Okay, I've actually read the whole string. Thoughts and questions:
1. I presume from several stray comments that the OP is an AOW diver with 50-100 cold, drysuit dives, has been deep at least a few times, knows his equipment and brought his own equipment because he planned to go deep this trip. Analysis: the dive begins upon deciding to dive - in this case, back in Canada and with the foreknowledge that a Blue Hole dive would be at least 130FSW [if not more]. OP takes some appropriate steps, including the decision to schlep his own gear with him.
2. The diver decided to dive solo with limited / non-redundant gas. Analysis: The diver knew that it is doctrine/best practice, ESPECIALLY given no gas redundancy, to be paired with a buddy and even vocalized it to the DM but accepted the DM's decision to dive as a group. Question - what prevented him from looking around the group, sizing someone up that looked to be of similar experience, and buddying up?

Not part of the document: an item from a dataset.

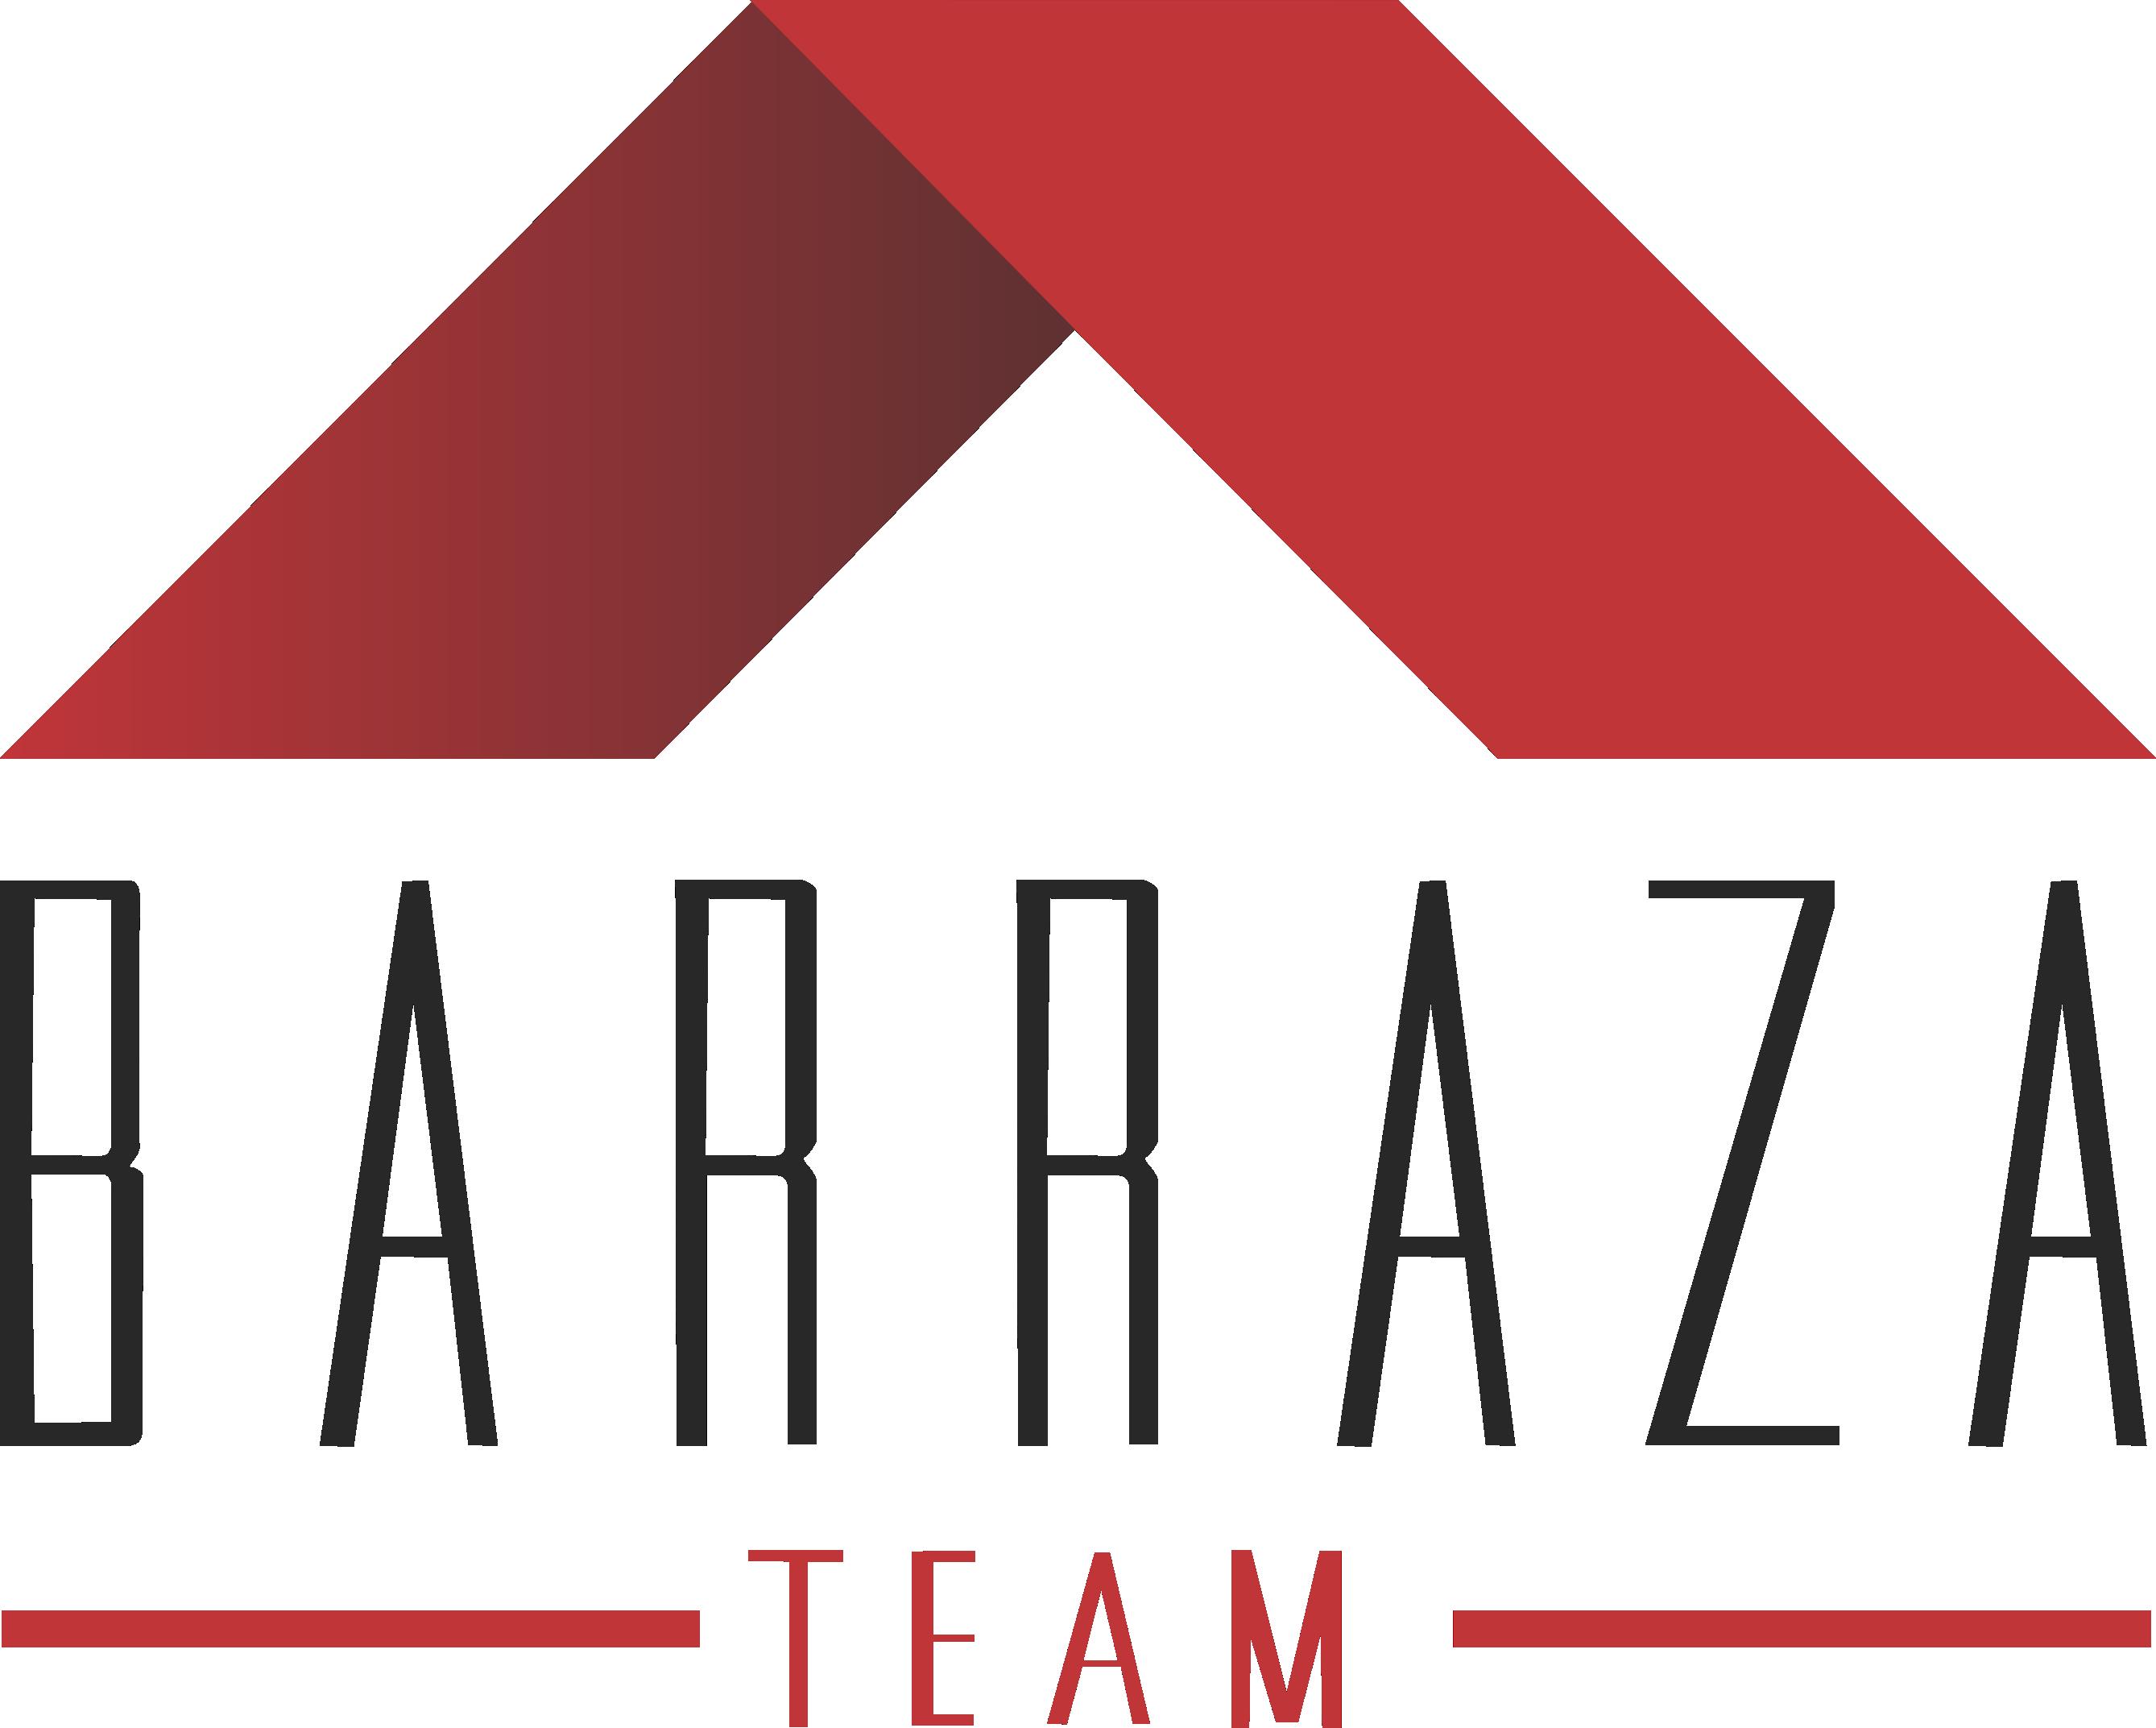 Barraza Team

3. The diver decided to dive beyond the maximum recreational limits. Analysis: It is not clear WHEN the OP made this decision but it would be safe to guess it was not somewhere between 100 and 130FSW. It may be that the diver was sufficiently comfortable with his age and fitness and made a conscious decision to dive the Navy tables, maintained a bottom time of 5 minutes (we don't know this from his narrative), and ascended directly such that the dive was actually a NDL dive (by that table) notwithstanding the fact that his computer (which almost certainly is more conservative) showed a deco oblication.
4. Notwithstanding 1-3, the diver returned to the surface with no deco obligation. At this point and ignoring for the moment the several complete lapses in judgment that followed, I have to ask a question: Should anyone sitting in their home that decides to book a trip and dive blue hole after reading this thread immediately cut up his or her c card? I get the strong impression that an AL80 dive to 150FSW is the M.O. for all Blue Hole dives (permitting the possibility of diving with a buddy and the possibility that you carried a pony with you in your travels, however unlikely) - does that really mean that no recreational diver should ever make this dive, or is it more accurate to say that this is an extremely aggressive dive that exceeds the recreational dive planner but can be PLANNED and EXECUTED with the understanding that the diver is putting himself or herself toward the ragged edge of the risk bubble? I seem to recall that one poster said he and his buddy did the dive and returned with half of their gas. Presuming 3 minutes descent, 5 minutes BT at 150FSW, two minutes to 70FSW for a one minute deep stop, and two minutes to 15 feet for your final stop, you have a run time of 13 minutes to your final stop. With a SAC rate of .75, back of the napkin would seem to put a diver at 1500psi upon reaching 15FSW and leave more than enought gas to hang for 15 minutes or longer. Again - it does not appear that the OP PLANNED but just followed - but does that mean that any recreational diver that decides to dive Blue Hole should just pack it in? Serious question looking for serious answers.
5. Diver loses his computer but has the oppotunity to make another dive with a borrowed computer. Analysis - a huge assumption of risk if the computer had been on the arm of someone you stuck right next to the entire prior dive - an astronomical one in any other circumstance, topping out if it sat out the prior dive entirely. QUESTION, HOWEVER: If the diver had PLANNED and EXECUTED his prior dive such that he knew his residual nitrogen load, he could have wipped out whatever tables he used for his first dive (Navy), planned his second dive, and used the computer in guage mode, right?
6. Diver takes a third dive with no computer and no depth guage. Analysis - I just don't know what to say about that.